This insect feeds on a large list of shade trees as well as on fruit trees, the elms, willows, poplars and butternuts being, perhaps, the more favored food plants among the former group.

The moth is very variable in appearance, in northern New England greatly resembling that of the brown-tail moth, except that it has no brown tail. Further south the wings may bear numerous small, black spots. It flies during June, July and early August and lays its eggs, several hundred in a cluster, on the underside of a leaf. These eggs soon hatch and the caterpillars begin to spin a web, under which they feed. This web is extended as they grow and need more food, enclosing more of the leaves, until quite a part or all of a branch may be thus enclosed. After feeding thus for a month or more the caterpillars leave the web, and either in the ground or in crevices of the bark of the tree spin their cocoons. The moths may emerge from these cocoons the same year and lay eggs for a second generation, the caterpillars of which will feed the same fall, but in New England it is more usual for them to pass the winter in the cocoon, the moths appearing the following summer.

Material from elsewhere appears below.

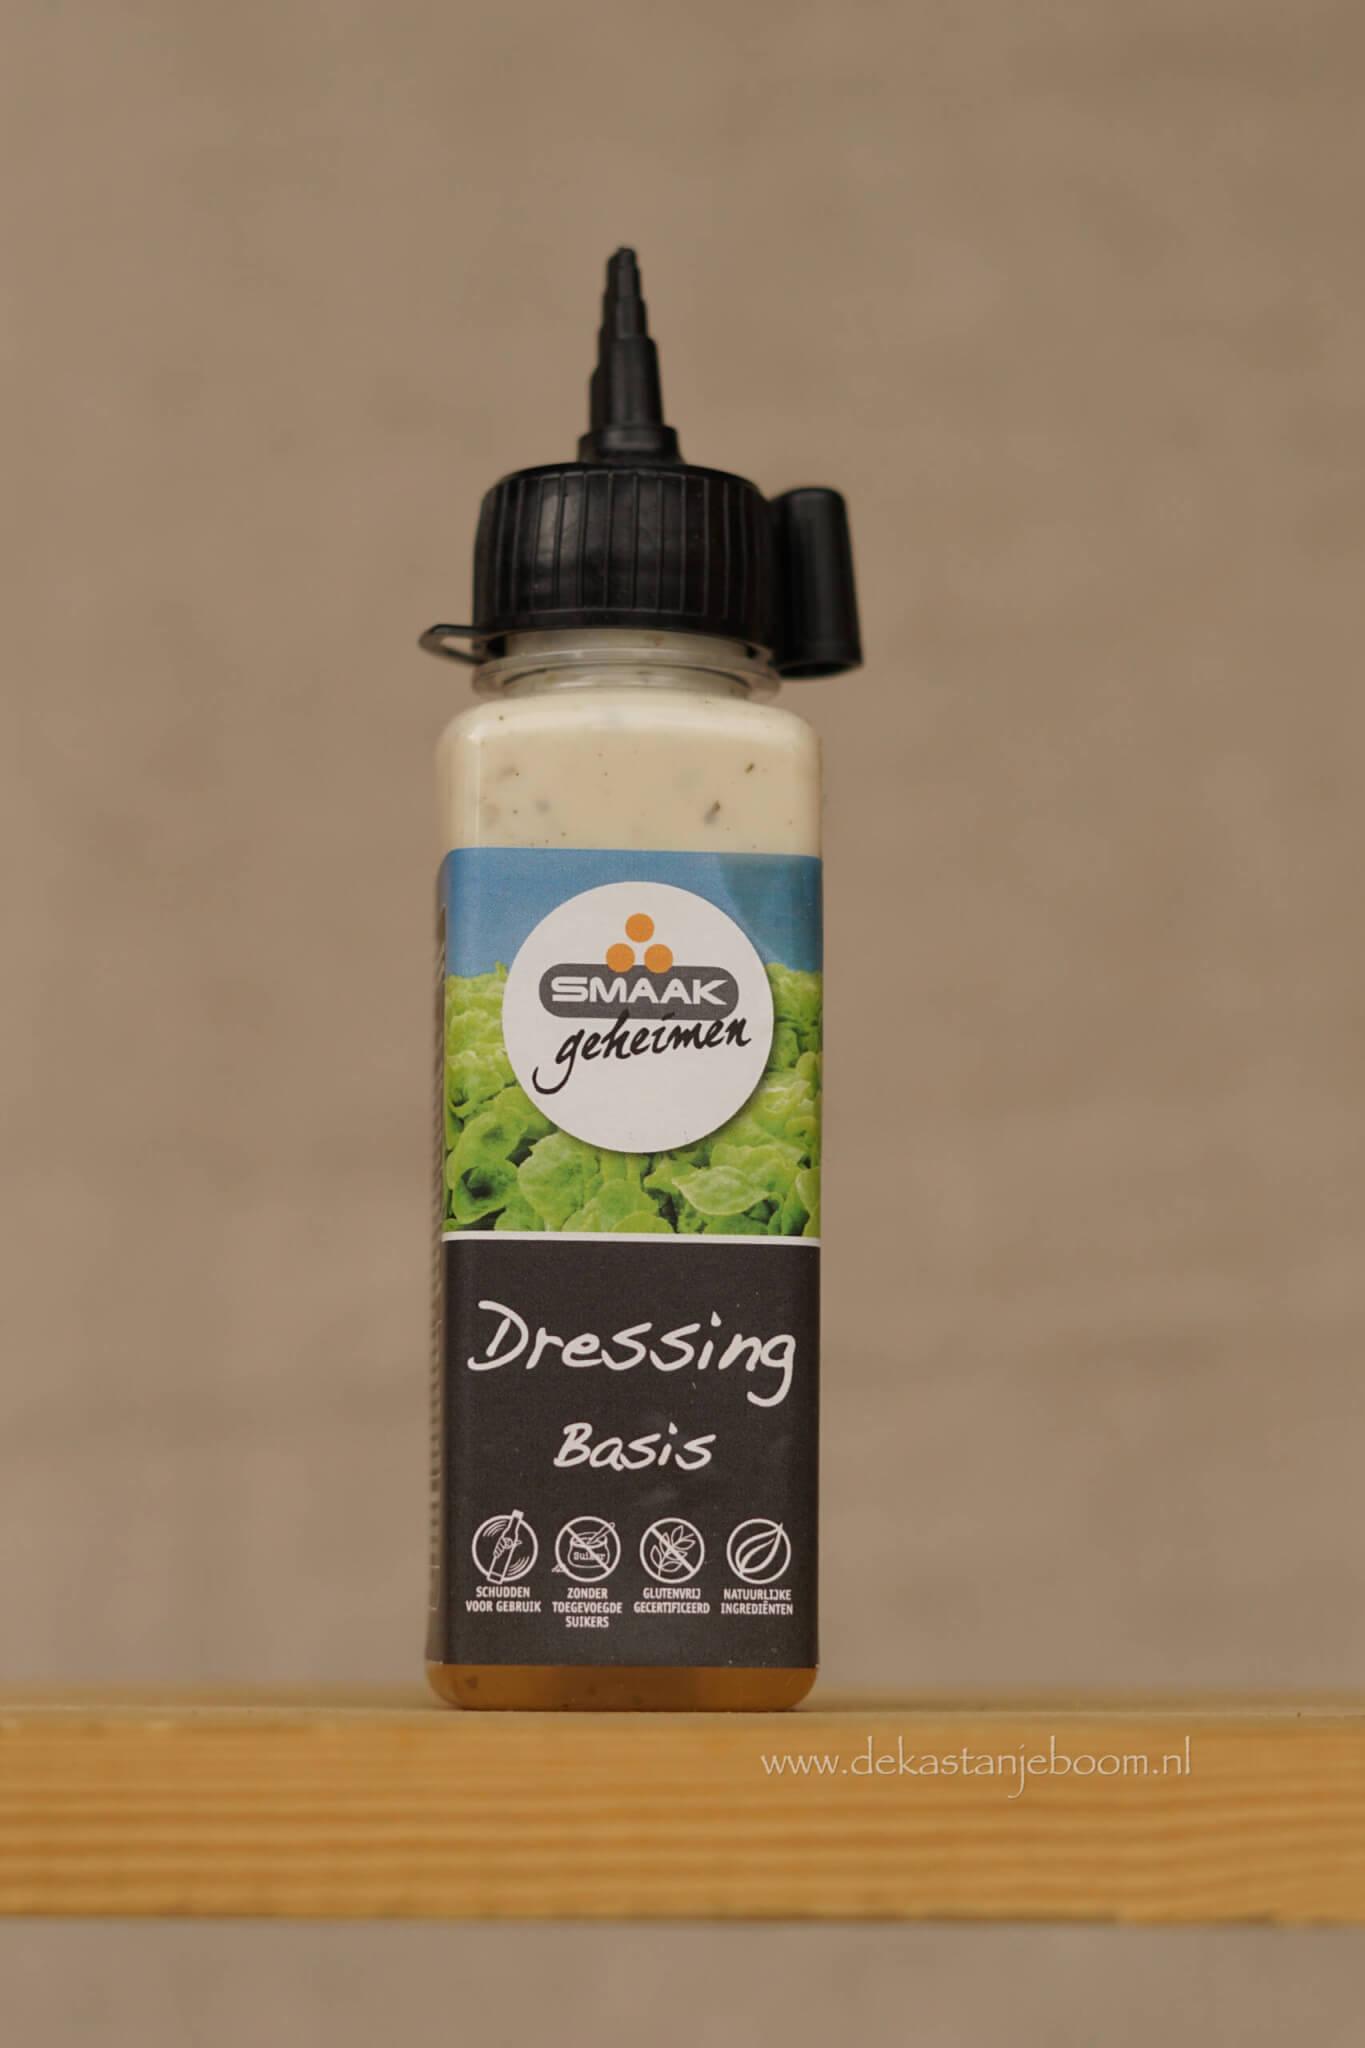 Smaakgeheimen dressing basis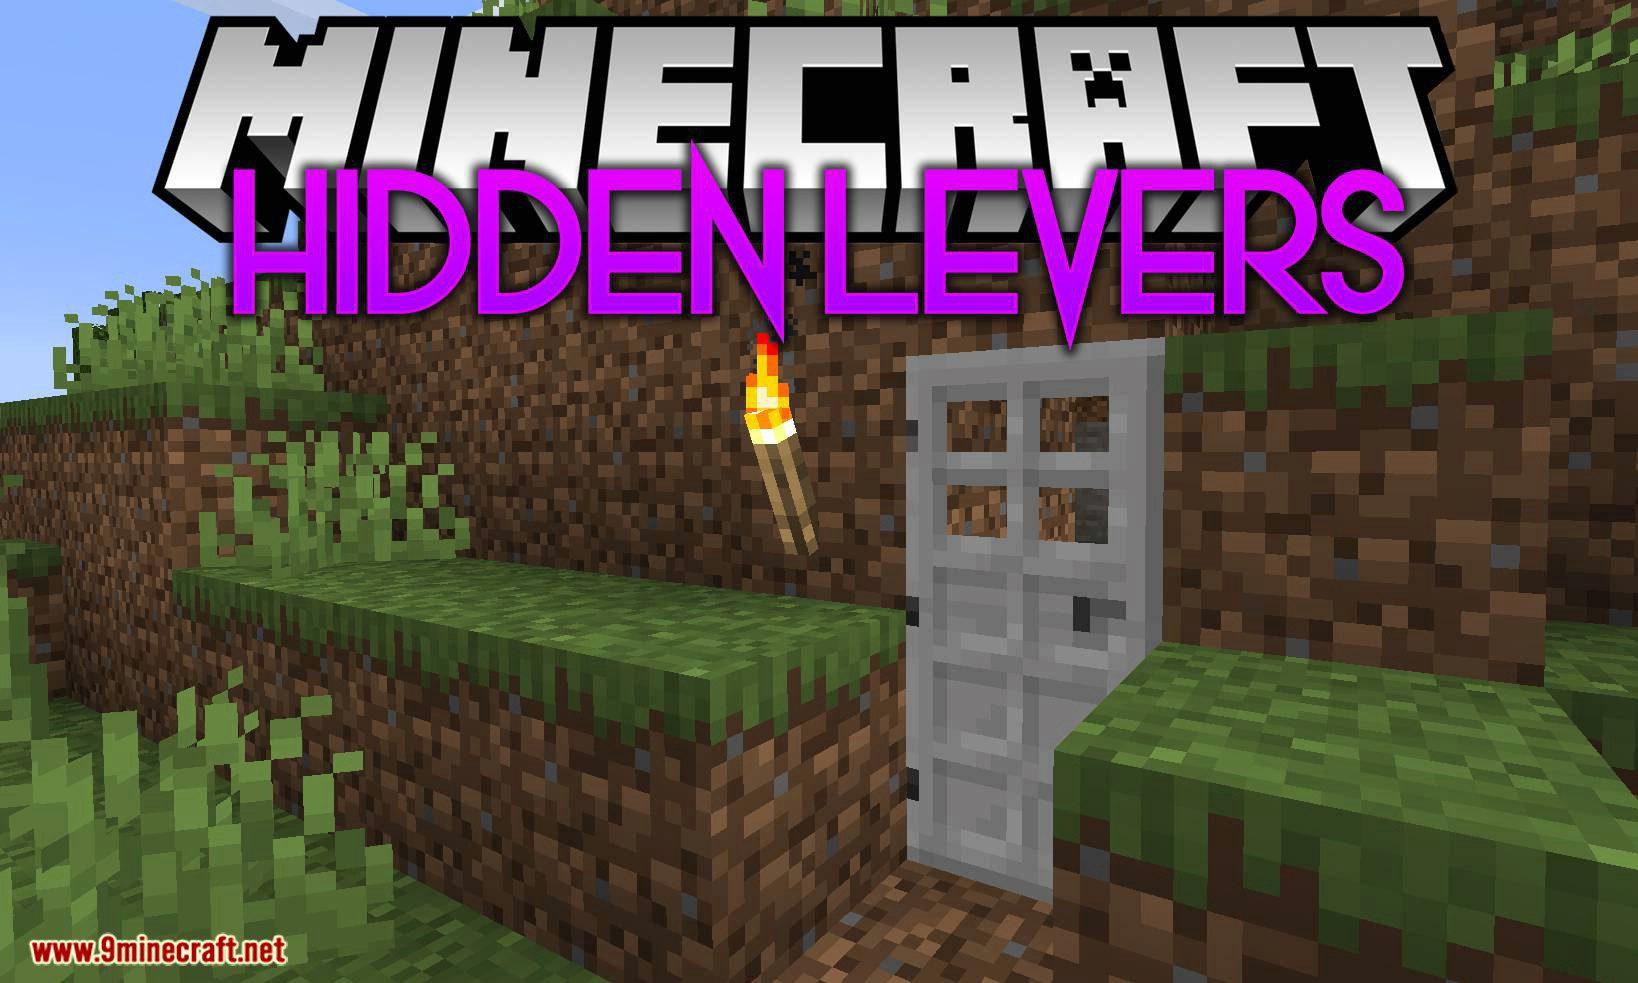 Hidden Levers mod for minecraft logo

As the caterpillars of this insect feed together under a web, it is easy to cut off this and kill the caterpillars, particularly when the webs first appear and are small. Burning the webs on the tree is sometimes resorted to, but many of the caterpillars are liable to escape, and the tree is liable to be injured by this method. Spraying with arsenate of lead close around the webs, so that the leaves next to be enclosed shall have been poisoned, is also a good method of control. Numerous natural enemies of this insect aid man by holding it in check to some extent.